Starting his career at Coventry City, following a loan to St Mirren in 2001, he signed with Port Vale later in the year. He made his name at Vale, playing the majority of his career appearances in three years at the club. Leaving the club for Beira-Mar of Portugal in 2005, he made a big money move to Hull City. Two years later, he moved on to Blackpool. He retired in 2010 after being dogged by injury problems since his time in Portugal.

==Club career==

===Early career===
Born in Glasgow, McPhee began his career with his brother Gary at Vitesse Arnhem in the Netherlands. His family were resident in the country due to his father's engineering career. In 1998, he went to England at Coventry City, but did not make a senior appearance for the "Sky Blues", who were then in the Premier League. In 2001, Coventry sent him on loan to Scottish Premier League club St Mirren, who had hoped to sign Ronaldinho, but instead settled for the young hopeful McPhee. He played seven games for the "Saints" and won the April 2001 SPL Young Player of the Month Award. However, Coventry manager Gordon Strachan never played McPhee and the player opted to leave Highfield Road after rejecting a three-year deal.

===Port Vale===
McPhee signed for Port Vale on a free transfer in July 2001 and would soon show himself to be arguably Brian Horton's best signing at the club. He scored on his debut against Notts County and finished the season as the club's top scorer with 14 goals in 51 games, including one in the 2001 Potteries derby. Paul Jewell's Wigan Athletic made a bid for McPhee that was accepted by his club (£300,000). However, the deal fell through as the Scotsman's agent rejected Wigan's contract offer. The 2002–03 season was one largely devoid of goals for the striker, his strike against Oldham Athletic in October ended a run of 21 games without a goal, but only two goals followed in the remaining 34 matches as he was played at wide right.

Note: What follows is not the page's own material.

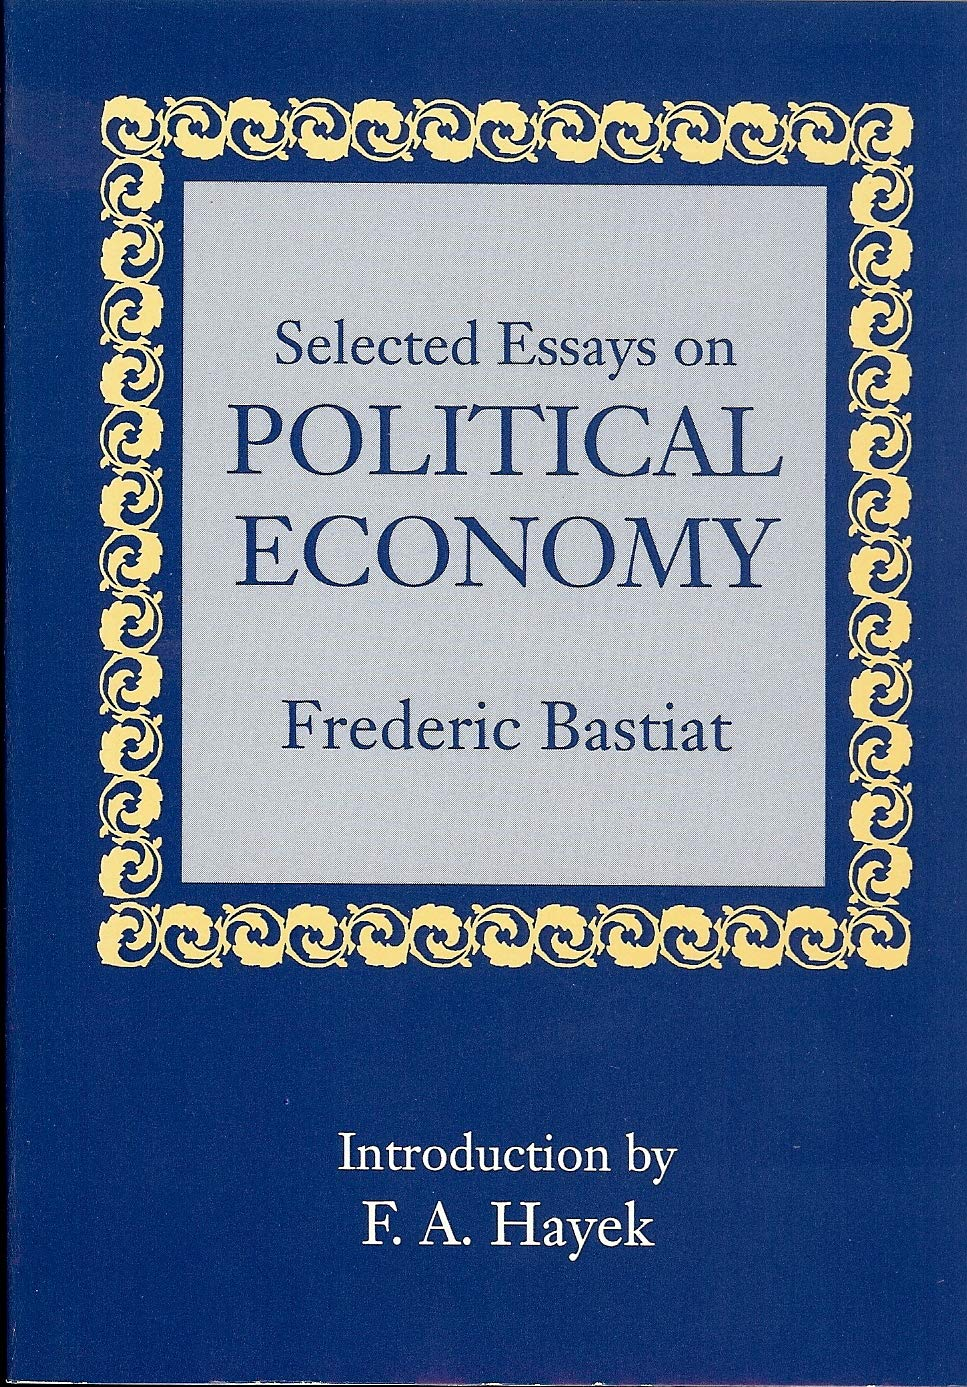 frederic bastiat selected essays on political economy

In the 2003–04 season, he formed a strike partnership with Steve Brooker and scored 27 goals to help Vale finish seventh in League One; this was the second-highest goal tally for a Port Vale player in 66 years. For this feat he was named player of the year at Vale Park, but as the team had not secured promotion McPhee rejected a new contract. A British club would have to negotiate a fee with the "Valiants" before talking to McPhee. However, a foreign club would be free to sign him without dealing with Vale.

Rumours linking McPhee with Portuguese side Beira-Mar were denied by the club, and chairman Bill Bratt stated, "this is news to us". The following week the cash-strapped club rejected a £100,000 bid from Leeds United "out of hand", branding it as an offer "not even worth considering".

===Beira-Mar===
Later that month, his agent negotiated a move to Beira-Mar, meaning Vale lost the player for nothing. McPhee said the move not about money, but about "bettering himself".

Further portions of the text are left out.